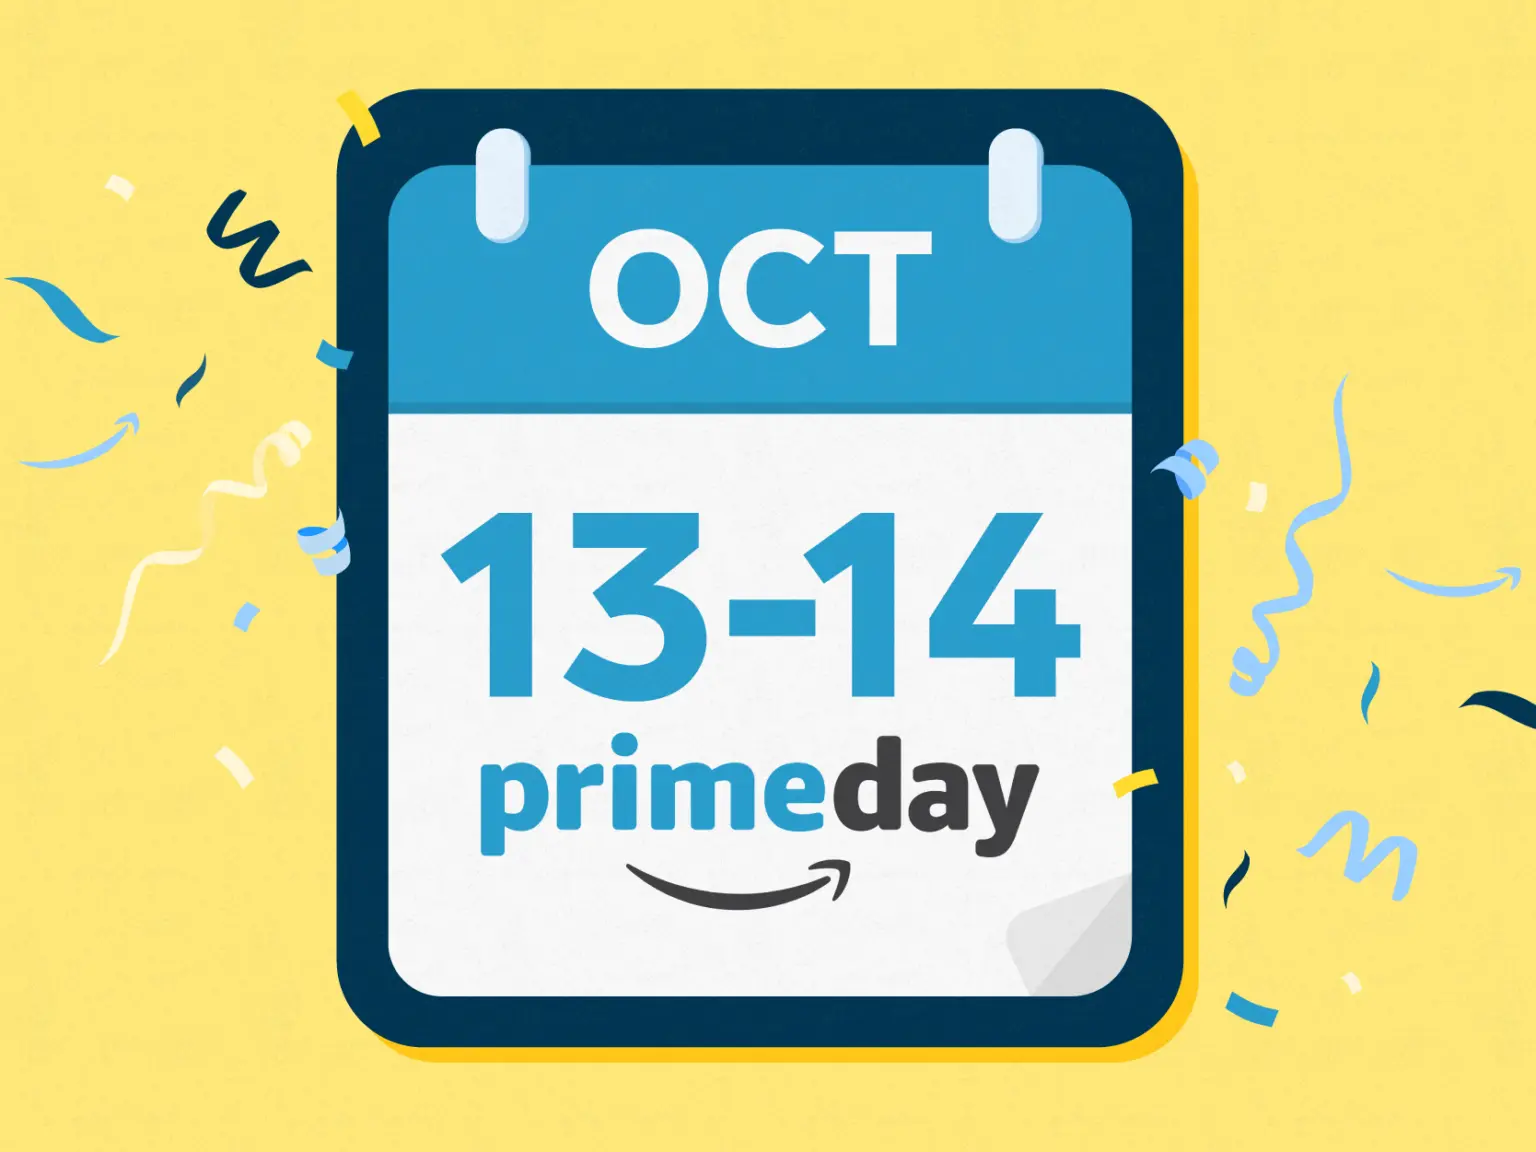 أمازون تعلن رسميًا عن موعد حدث التسوق المرتقب Prime Day
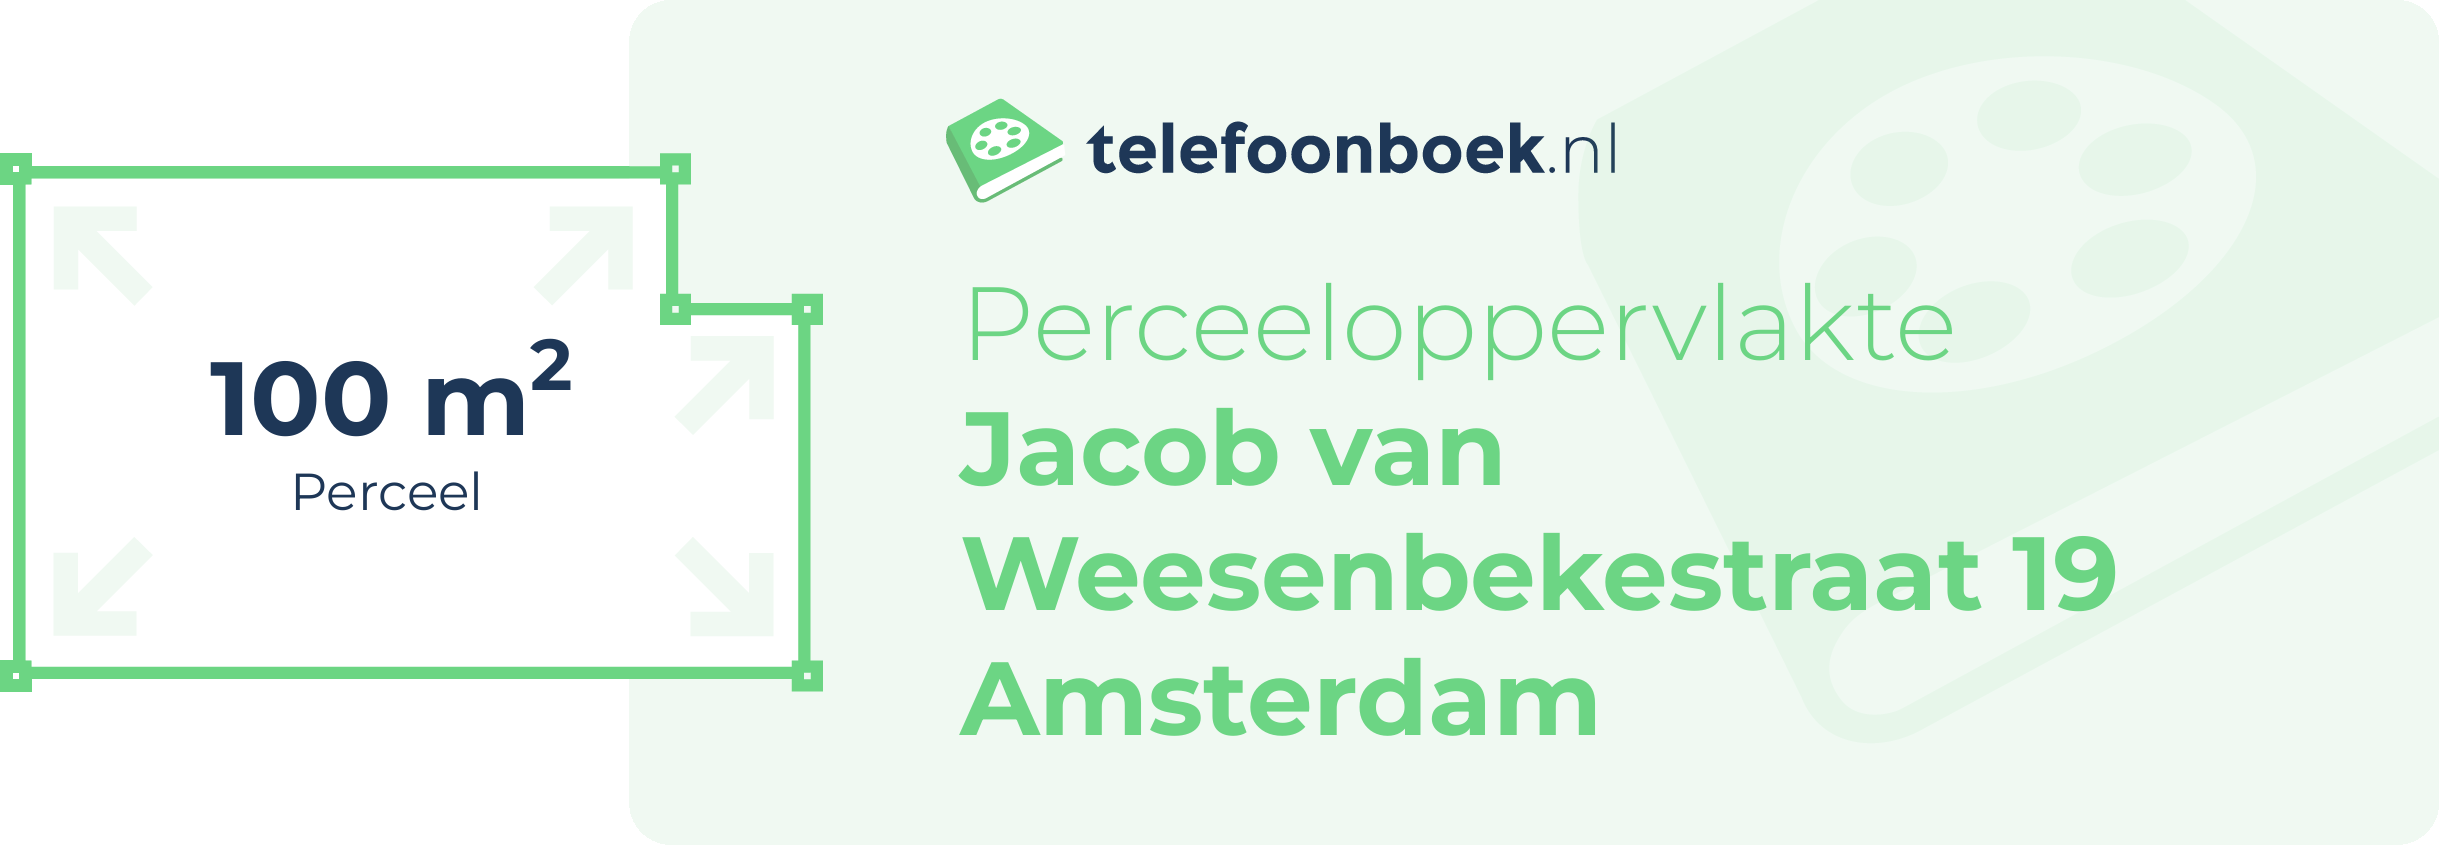 Perceeloppervlakte Jacob Van Weesenbekestraat 19 Amsterdam
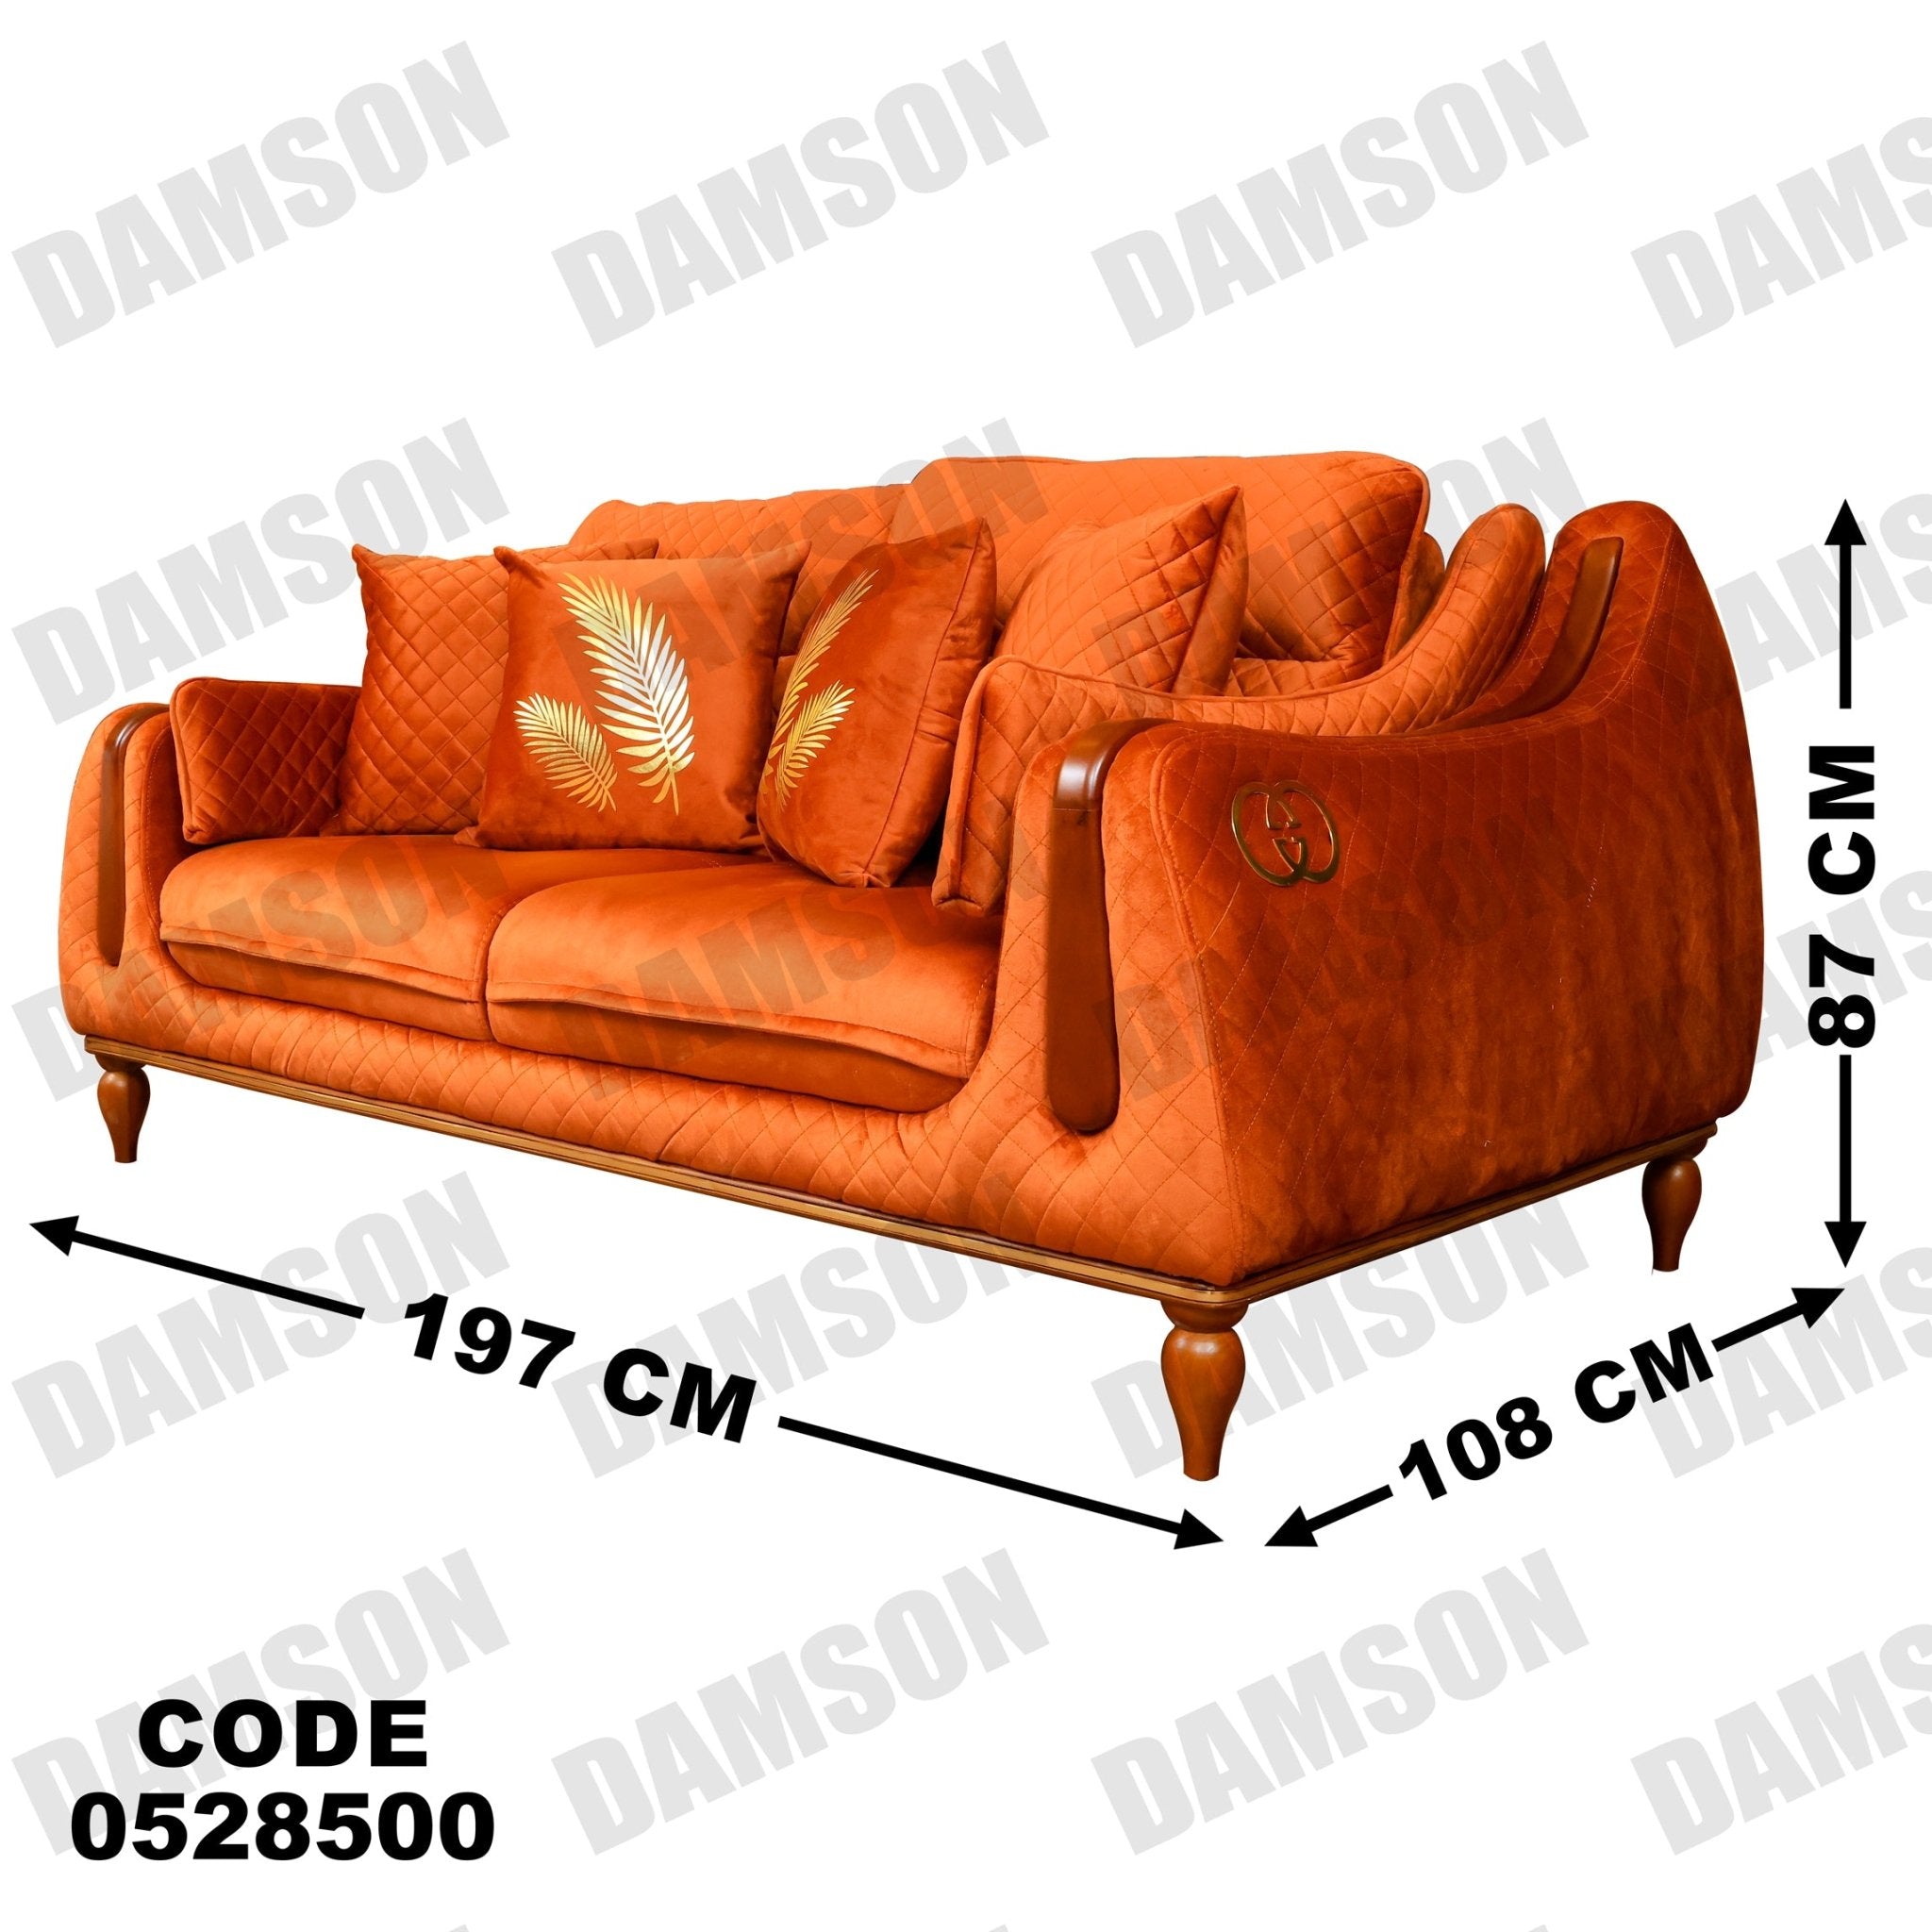 انترية 285 - Damson Furnitureانترية 285
-------
What is needed
An exact copy of the listing above is to be set down, with no pictures in it.

Reply
 أمازون تعلن رسميًا عن موعد حدث التسوق المرتقب Prime Day
 Perceeloppervlakte Jacob Van Weesenbekestraat 19 Amsterdam
 انترية 285 - Damson Furnitureانترية 285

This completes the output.